++++ Dataset entries

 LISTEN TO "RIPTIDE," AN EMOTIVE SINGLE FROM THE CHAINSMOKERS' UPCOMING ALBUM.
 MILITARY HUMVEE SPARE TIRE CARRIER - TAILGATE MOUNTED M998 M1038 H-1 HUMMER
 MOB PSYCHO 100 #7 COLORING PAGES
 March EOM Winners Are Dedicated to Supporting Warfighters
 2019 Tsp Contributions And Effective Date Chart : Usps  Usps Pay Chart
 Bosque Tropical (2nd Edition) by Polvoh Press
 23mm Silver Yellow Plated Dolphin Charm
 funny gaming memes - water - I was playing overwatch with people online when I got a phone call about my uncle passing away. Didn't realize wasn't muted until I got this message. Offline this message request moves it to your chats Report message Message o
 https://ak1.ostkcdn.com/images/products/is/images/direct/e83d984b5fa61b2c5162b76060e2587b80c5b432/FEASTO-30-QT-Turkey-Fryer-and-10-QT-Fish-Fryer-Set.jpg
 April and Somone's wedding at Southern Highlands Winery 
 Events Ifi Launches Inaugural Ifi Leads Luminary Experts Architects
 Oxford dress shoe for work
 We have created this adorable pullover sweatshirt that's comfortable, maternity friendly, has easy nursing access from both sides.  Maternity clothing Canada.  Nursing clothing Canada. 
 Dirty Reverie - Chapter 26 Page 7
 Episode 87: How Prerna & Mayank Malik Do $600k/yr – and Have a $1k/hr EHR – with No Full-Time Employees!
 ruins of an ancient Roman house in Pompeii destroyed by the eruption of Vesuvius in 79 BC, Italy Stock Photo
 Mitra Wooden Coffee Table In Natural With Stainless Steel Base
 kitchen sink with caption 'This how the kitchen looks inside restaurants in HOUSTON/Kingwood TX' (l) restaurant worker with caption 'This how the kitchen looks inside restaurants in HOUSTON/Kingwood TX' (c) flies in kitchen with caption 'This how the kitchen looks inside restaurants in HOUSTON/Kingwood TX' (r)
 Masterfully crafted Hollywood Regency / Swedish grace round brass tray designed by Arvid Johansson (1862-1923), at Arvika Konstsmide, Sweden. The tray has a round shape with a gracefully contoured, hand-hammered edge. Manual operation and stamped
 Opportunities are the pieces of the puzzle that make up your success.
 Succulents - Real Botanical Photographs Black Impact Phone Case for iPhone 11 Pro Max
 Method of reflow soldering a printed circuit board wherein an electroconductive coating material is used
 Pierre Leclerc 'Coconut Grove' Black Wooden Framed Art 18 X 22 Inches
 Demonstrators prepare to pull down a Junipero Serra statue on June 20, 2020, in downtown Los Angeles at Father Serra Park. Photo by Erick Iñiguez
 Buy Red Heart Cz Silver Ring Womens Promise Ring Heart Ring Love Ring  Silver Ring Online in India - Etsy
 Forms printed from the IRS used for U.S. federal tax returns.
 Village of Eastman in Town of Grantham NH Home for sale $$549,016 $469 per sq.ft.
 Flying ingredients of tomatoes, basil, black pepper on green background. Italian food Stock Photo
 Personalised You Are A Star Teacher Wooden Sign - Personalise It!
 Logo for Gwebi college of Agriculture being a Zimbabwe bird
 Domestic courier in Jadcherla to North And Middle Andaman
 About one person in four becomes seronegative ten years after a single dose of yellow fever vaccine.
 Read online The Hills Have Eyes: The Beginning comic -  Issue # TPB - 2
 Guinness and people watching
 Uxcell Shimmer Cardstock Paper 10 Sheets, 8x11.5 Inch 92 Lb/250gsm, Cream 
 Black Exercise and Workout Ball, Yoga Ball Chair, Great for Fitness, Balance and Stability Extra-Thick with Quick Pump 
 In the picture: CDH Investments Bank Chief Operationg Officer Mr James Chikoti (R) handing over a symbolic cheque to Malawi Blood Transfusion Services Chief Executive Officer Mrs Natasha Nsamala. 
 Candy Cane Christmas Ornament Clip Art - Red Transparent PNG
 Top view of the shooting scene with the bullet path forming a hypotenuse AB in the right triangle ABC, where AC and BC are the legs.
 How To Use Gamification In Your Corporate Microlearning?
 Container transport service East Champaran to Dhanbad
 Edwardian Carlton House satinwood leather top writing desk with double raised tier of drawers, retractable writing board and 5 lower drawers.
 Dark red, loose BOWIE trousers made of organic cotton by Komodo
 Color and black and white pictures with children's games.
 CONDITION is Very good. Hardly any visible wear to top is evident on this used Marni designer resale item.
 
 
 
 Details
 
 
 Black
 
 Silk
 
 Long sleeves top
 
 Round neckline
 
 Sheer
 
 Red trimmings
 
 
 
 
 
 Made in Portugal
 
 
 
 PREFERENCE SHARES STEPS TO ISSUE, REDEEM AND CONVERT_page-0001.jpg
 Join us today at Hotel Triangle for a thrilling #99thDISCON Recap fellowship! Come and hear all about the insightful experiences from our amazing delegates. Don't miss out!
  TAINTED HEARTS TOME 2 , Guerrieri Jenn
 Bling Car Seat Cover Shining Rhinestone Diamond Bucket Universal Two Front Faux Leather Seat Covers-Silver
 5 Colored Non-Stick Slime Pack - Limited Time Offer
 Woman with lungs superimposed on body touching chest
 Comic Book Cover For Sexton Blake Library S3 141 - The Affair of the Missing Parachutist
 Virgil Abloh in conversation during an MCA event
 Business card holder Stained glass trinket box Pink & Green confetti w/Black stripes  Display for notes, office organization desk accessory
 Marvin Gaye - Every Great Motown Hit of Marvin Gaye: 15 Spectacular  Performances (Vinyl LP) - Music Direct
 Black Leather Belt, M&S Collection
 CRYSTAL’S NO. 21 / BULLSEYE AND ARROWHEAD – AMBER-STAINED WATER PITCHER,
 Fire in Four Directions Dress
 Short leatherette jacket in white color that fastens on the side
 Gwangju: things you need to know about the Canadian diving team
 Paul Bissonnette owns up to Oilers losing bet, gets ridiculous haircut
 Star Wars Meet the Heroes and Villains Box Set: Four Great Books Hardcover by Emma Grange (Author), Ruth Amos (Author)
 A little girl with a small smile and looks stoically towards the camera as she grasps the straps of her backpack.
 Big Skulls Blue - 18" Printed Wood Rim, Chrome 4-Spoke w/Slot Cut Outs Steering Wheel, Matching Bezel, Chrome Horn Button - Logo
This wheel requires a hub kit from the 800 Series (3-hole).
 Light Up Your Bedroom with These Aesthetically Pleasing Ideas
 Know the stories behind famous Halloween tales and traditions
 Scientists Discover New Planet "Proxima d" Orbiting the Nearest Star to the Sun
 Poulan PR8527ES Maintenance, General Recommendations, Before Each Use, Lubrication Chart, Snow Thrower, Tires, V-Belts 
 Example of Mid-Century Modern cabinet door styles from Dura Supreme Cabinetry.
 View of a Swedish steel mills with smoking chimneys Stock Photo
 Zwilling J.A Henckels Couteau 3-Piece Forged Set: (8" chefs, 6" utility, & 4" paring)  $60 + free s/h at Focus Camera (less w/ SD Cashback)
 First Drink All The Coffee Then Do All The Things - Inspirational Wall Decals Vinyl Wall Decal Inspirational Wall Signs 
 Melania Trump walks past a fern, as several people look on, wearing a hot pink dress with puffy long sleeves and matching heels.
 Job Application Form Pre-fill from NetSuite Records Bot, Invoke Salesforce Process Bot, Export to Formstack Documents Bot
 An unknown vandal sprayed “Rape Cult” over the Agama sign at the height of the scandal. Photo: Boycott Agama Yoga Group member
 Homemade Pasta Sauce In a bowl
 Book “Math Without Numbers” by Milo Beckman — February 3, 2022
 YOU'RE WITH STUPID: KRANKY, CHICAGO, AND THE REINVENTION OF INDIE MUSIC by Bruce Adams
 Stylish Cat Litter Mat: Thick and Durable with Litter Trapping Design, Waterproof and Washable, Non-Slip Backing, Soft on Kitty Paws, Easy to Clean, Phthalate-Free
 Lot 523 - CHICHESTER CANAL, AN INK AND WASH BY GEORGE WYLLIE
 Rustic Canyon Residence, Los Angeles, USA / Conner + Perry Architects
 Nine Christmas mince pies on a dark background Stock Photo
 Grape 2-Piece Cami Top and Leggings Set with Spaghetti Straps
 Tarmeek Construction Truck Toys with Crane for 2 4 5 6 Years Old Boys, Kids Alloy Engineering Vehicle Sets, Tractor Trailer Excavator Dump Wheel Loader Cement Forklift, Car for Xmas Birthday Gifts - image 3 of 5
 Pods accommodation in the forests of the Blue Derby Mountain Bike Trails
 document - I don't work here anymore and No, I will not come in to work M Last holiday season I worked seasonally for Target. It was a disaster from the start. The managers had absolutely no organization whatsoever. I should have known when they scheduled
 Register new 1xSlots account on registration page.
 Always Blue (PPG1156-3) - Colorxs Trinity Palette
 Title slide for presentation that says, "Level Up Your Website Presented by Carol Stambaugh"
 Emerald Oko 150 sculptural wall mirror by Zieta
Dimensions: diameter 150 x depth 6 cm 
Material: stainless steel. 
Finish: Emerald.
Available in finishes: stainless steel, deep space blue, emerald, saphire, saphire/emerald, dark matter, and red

++++++++

■ Problem requirements
Here the output must be the lines above from the line with "MOB PSYCHO 100 #7 COLORING PAGES" to the line with "kitchen sink with", both included, duplicated word for word and nothing else.

■ Completed task
 MOB PSYCHO 100 #7 COLORING PAGES
 March EOM Winners Are Dedicated to Supporting Warfighters
 2019 Tsp Contributions And Effective Date Chart : Usps  Usps Pay Chart
 Bosque Tropical (2nd Edition) by Polvoh Press
 23mm Silver Yellow Plated Dolphin Charm
 funny gaming memes - water - I was playing overwatch with people online when I got a phone call about my uncle passing away. Didn't realize wasn't muted until I got this message. Offline this message request moves it to your chats Report message Message o
 https://ak1.ostkcdn.com/images/products/is/images/direct/e83d984b5fa61b2c5162b76060e2587b80c5b432/FEASTO-30-QT-Turkey-Fryer-and-10-QT-Fish-Fryer-Set.jpg
 April and Somone's wedding at Southern Highlands Winery 
 Events Ifi Launches Inaugural Ifi Leads Luminary Experts Architects
 Oxford dress shoe for work
 We have created this adorable pullover sweatshirt that's comfortable, maternity friendly, has easy nursing access from both sides.  Maternity clothing Canada.  Nursing clothing Canada. 
 Dirty Reverie - Chapter 26 Page 7
 Episode 87: How Prerna & Mayank Malik Do $600k/yr – and Have a $1k/hr EHR – with No Full-Time Employees!
 ruins of an ancient Roman house in Pompeii destroyed by the eruption of Vesuvius in 79 BC, Italy Stock Photo
 Mitra Wooden Coffee Table In Natural With Stainless Steel Base
 kitchen sink with caption 'This how the kitchen looks inside restaurants in HOUSTON/Kingwood TX' (l) restaurant worker with caption 'This how the kitchen looks inside restaurants in HOUSTON/Kingwood TX' (c) flies in kitchen with caption 'This how the kitchen looks inside restaurants in HOUSTON/Kingwood TX' (r)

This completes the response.